How to parse 5-7 GB files?

V

Vitaly2014-03-14 08:15:09

Parsing

Vitaly, 2014-03-14 08:15:09

Tell me what methods are there for working with massive objects in memory, I need to read a file weighing about 5-6 GB, split it into columns and filter and dedupe by columns, such amounts of data in memory can’t be held very well, what can I think of to do this implement?

Reply

Answer the question

In order to leave comments, you need to log in

7 answer(s)

C

caper, 2014-03-14
@vipuhoff

If the file structure is known (for example, a delimited file), then:
1. transfer to an intermediate MS SQL table using BULK INSERT (or bcp) (0.5 GB in 12 sec, 4 GB in 1.5 min.)
2. data checks/transformations and layout into the necessary tables already from the intermediate table (depends on the complexity of checks/transformations, etc.)
If the structure is unknown, everything is somewhat worse ... either read in portions, or - Memory-mapped files ?

R

Ruslan Lopatin, 2014-03-14
@lorus

Way "on the forehead": overtake in the database and already in it to do whatever you want.

G

gleb_kudr, 2014-03-15
@gleb_kudr

FileStream reads your file in chunks as you wish. It sequentially returns an array of bytes, you already do anything with this array (for example, process and write to another file). It is only necessary to think over the algorithm normally in order to do this with a minimum number of passes.
StreamReader does the same for text files.

A

afiskon, 2014-03-15
@afiskon

I understand that you have just lines there?

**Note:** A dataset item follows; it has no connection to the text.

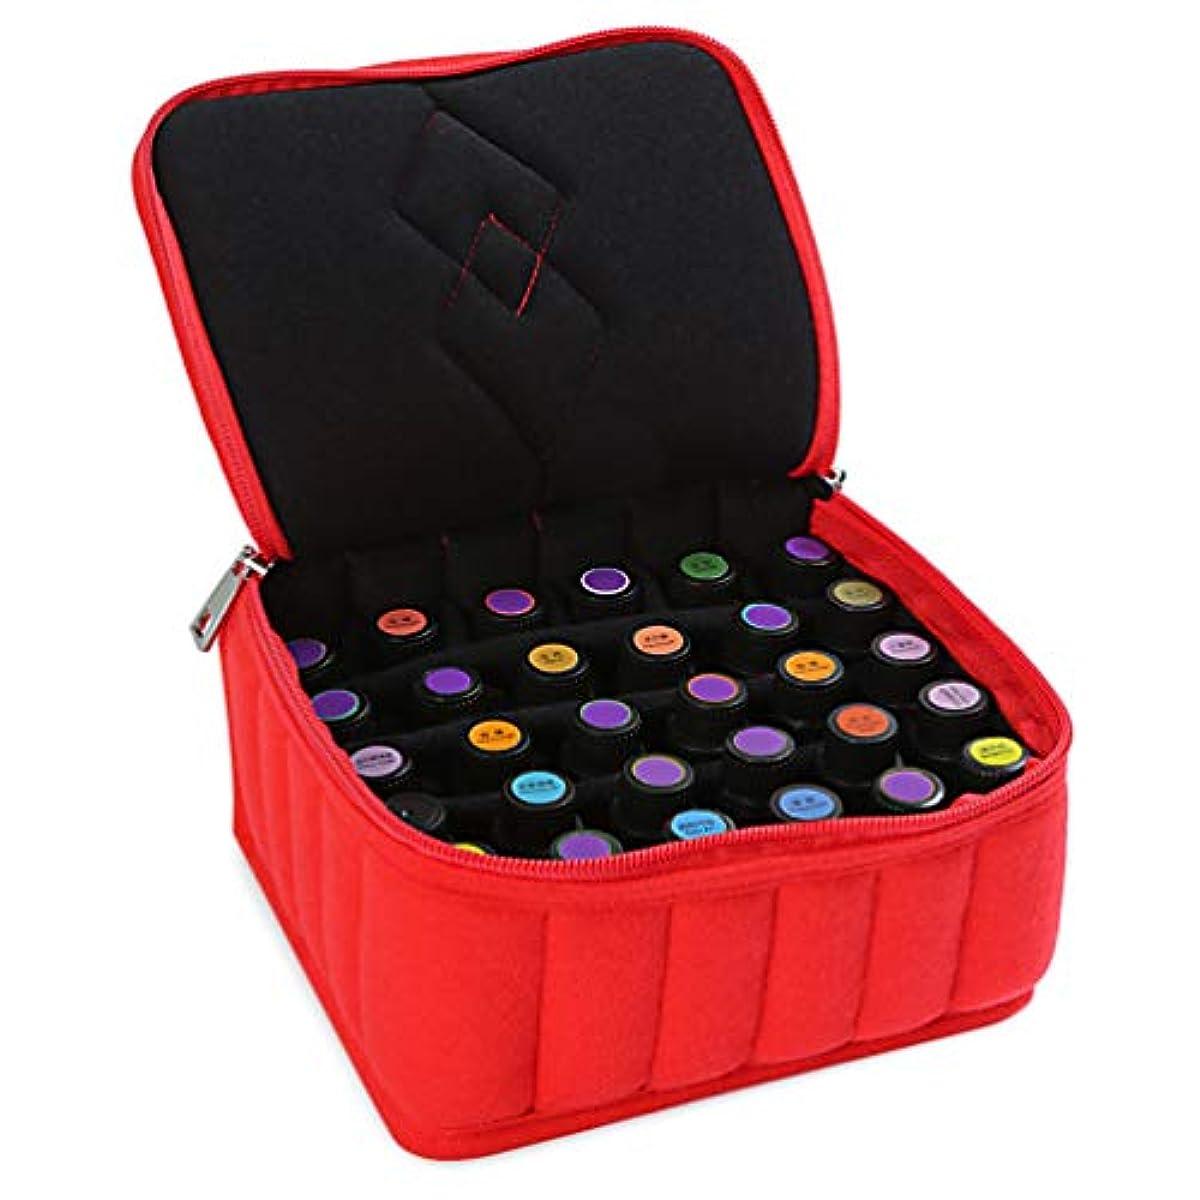 テーマ薬理学第九リングケース 指輪 ベロア調 ピアスケース 30個 収納可 ディスプレイ 展示用 ジュエリーボックス

Then cat ... | cut -d '|' -f 1,2,3 | sort - something like this.
Or write a script in Perl/Python/whatever. 5-7 GB - not so much. Unless you need some other groupings with other files, then yes, use some kind of RDBMS.

V

Vitaliy, 2014-03-17
@vipuhoff

Thanks to all! I will read files through FileStream, pre-process and store them in the database!

N

Nikolai Turnaviotov, 2014-03-18
@foxmuldercp

I recently wrote a small utility just to create tsql instructions from a csv file for inserting into a table. I can throw in the source codes on the seasharp, add a little and you will write directly to the table.